Appearing before the National Assembly Committee on Education, Ogamba admitted that the Ministry does not have a verified total for pending bills owed to schools, even as lawmarkers suggested the amount could be as high as Sh 64 billion which has accumulated over the years.
“I didn’t come with that figure, the figure raised by Hon Robert Mbui on Sh 64 Billion could be correct. The question we are grappling with is what do we do with it? Yet we’re still not getting what we budgeted for,” he said.
Documents tabled before the committee showed the approved capitation for secondary schools is Sh 22,244 per learner annually, yet for Term 1 of 2025, the Ministry only managed to disburse Sh 8,818.61 per student.
This covered just 50% of the budgeted amount. The Ministry disbursed KSh 28.8 billion for 3.2 million learners, leaving a deficit of KSh 7.5 billion in the financial year.
At the primary level, schools received KSh 1,420 per child annually, disbursed termly in a 50:30:20 ratio.
Despite a revised recommended rate of KSh 2,238 proposed by the Presidential Working Party on Education Reform, funding remains below need.
Junior secondary schools are similarly underfunded, receiving only half of the KSh 15,043 allocated annually per learner.

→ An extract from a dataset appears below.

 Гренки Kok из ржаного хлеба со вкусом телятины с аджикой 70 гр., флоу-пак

The data presented also showed that in Primary Schools,the capitation amounted allocated for co-curricular activities is Sh 76 per learner every year but Sh 40 is retained at the Ministry of Education for the running of co-curricular activities in the national level.

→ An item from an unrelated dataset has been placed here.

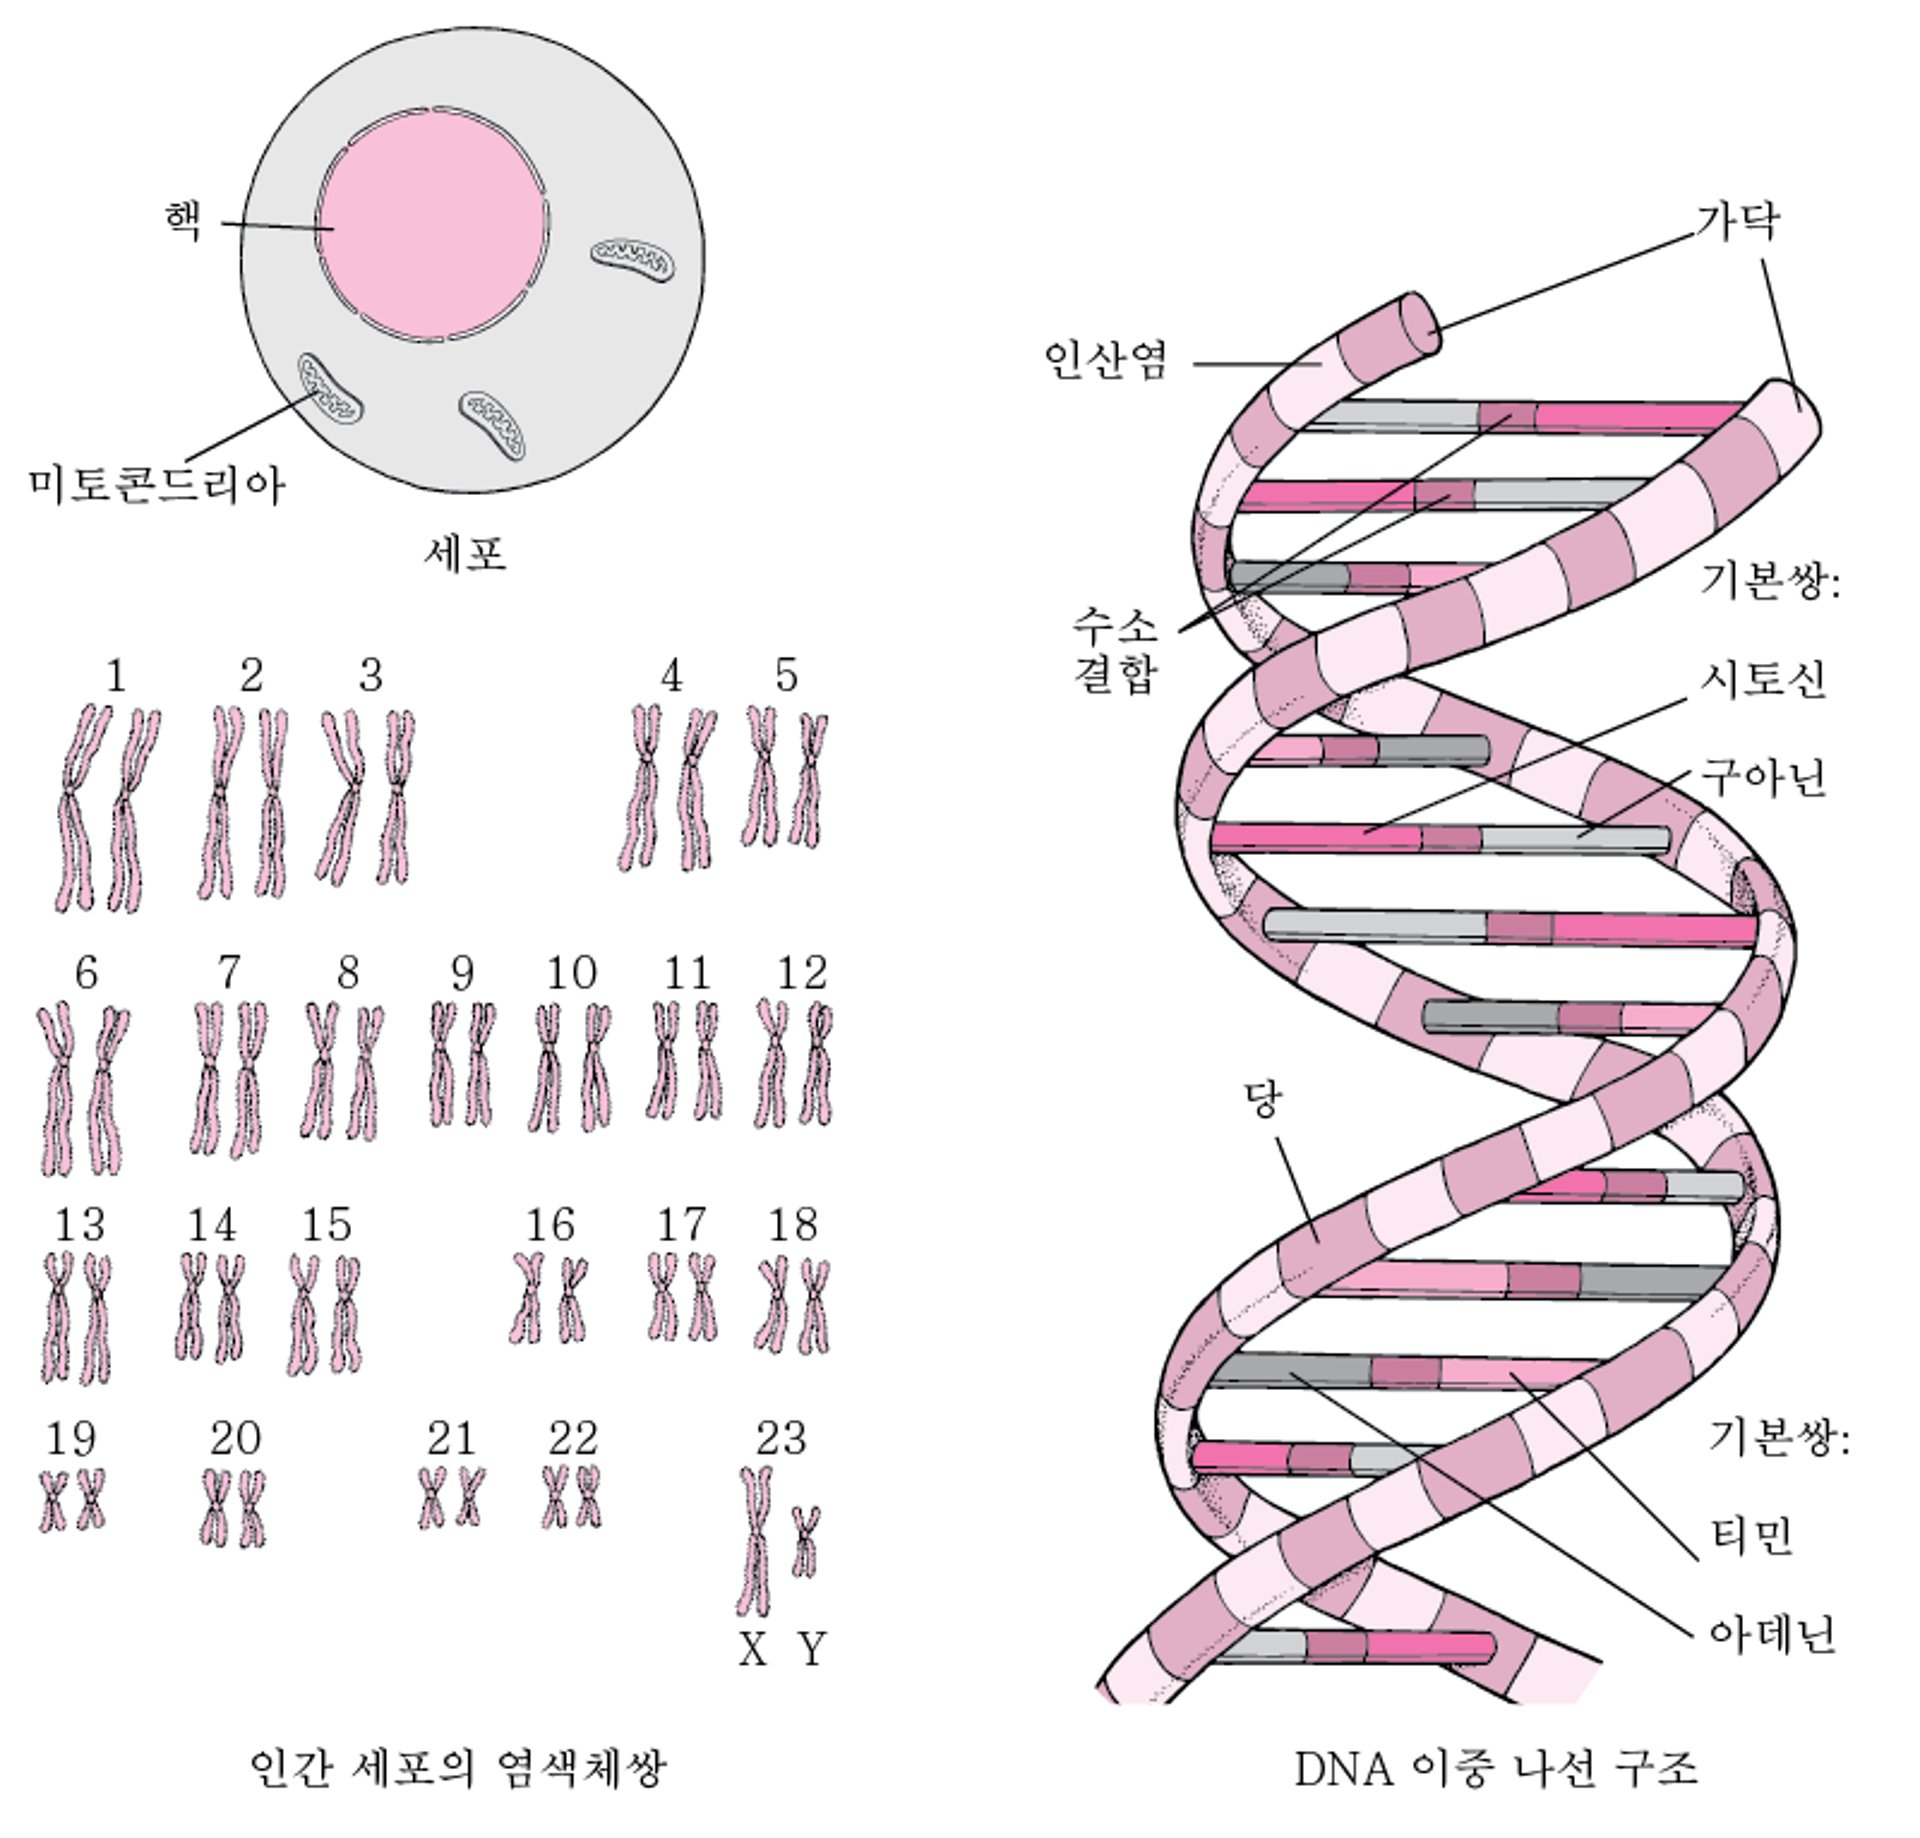 DNA의 구조

Only Sh 36 per learner is disbursed to schools which is less than 50 percent allocated to each learner with MPs questioning the quality assurance of non-curricular activities in schools with the half of the allocation being retained at the Ministry headquarters.

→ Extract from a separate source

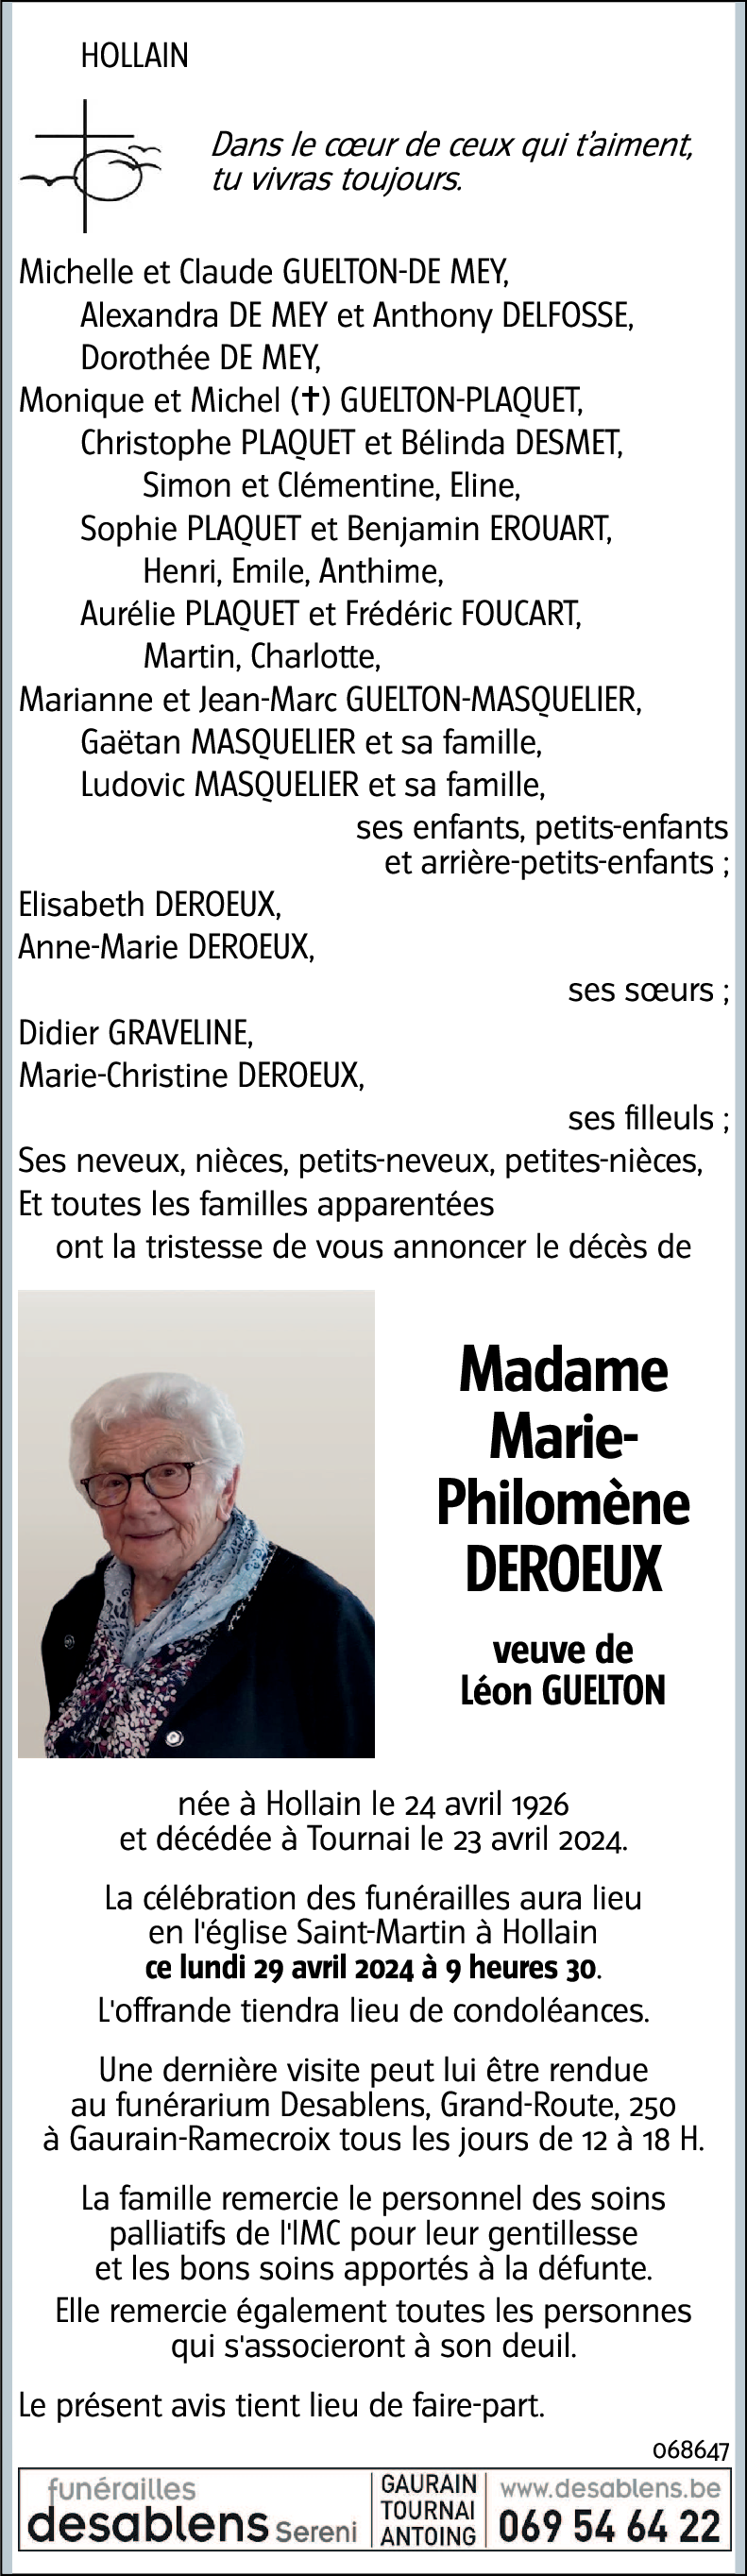 Marie-Philomène Deroeux

Lawmakers expressed alarm at the dire state of school financing raising concerns that the status of free education in schools is in jeopardy due to non-disbursement of funds by the exchequer.
The committee chair questioned whether the country could continue to afford free education given the exponential rise in student numbers and stagnating resources.
“We bestowed it on ourselves that we should have free and fair education. Are we really able to offer that, with the increased numbers and lack of resources ?” he posed.
Deputy Minority Leader Robert Mbui who had raised the statement on delayed capitation to the Ministry of Education insisted that the government should admit that free education is no longer sustainable given the constrained resources.
“It’s better telling parents that we cost share, rather than insisting that we have free education, when we don’t,” Mbui argued.
Narok Woman Representative Rebecca Tonkei expressed concerns that school management are forced to run operations in schools with meagre resources due to the persistent budgetary shortfall.
“How free is education in Kenya since principals are being told to plan with what they have. How do principals run schools if they are forced to work with what they have budgeted for,” she insisted.
Kibra MP Peter Orero questioned why the Ministry of Education is consistently sidelining and interdicting school administrators when they charge extra levies in school yet the government was failing to disburse enough monies to facilitate free education.
“For the last ten years schools haven’t been receiving full capitation. It means schools have a deficit of Sh 9000 per year per child. When the head teacher complain some are interdicted and victimized.”
The Ministry attributed delays in disbursement partly to late releases by the National Treasury and partly to data errors in school submissions to the National Education Management Information System (NEMIS).
Ogamba pushed for the ring-fencing of education funds saying it will alleviate the situation of urging MPs and the National Treasury to treat school financing as a protected priority under the Constitution to avert the persistent shortfall of funds.
“We need to ring-fence the education fund to ensure we have enough resources to deal with issues affecting students and schools,” he said.
The Education Cabinet Secretary asserted that free education remains government policy, though he acknowledged the operational difficulties due to delayed exchequer releases that has affected curricular and non-curricular activities in schools.
“As to whether we have free education in the country, the short answer is that we are offering free education,” Ogamba stated.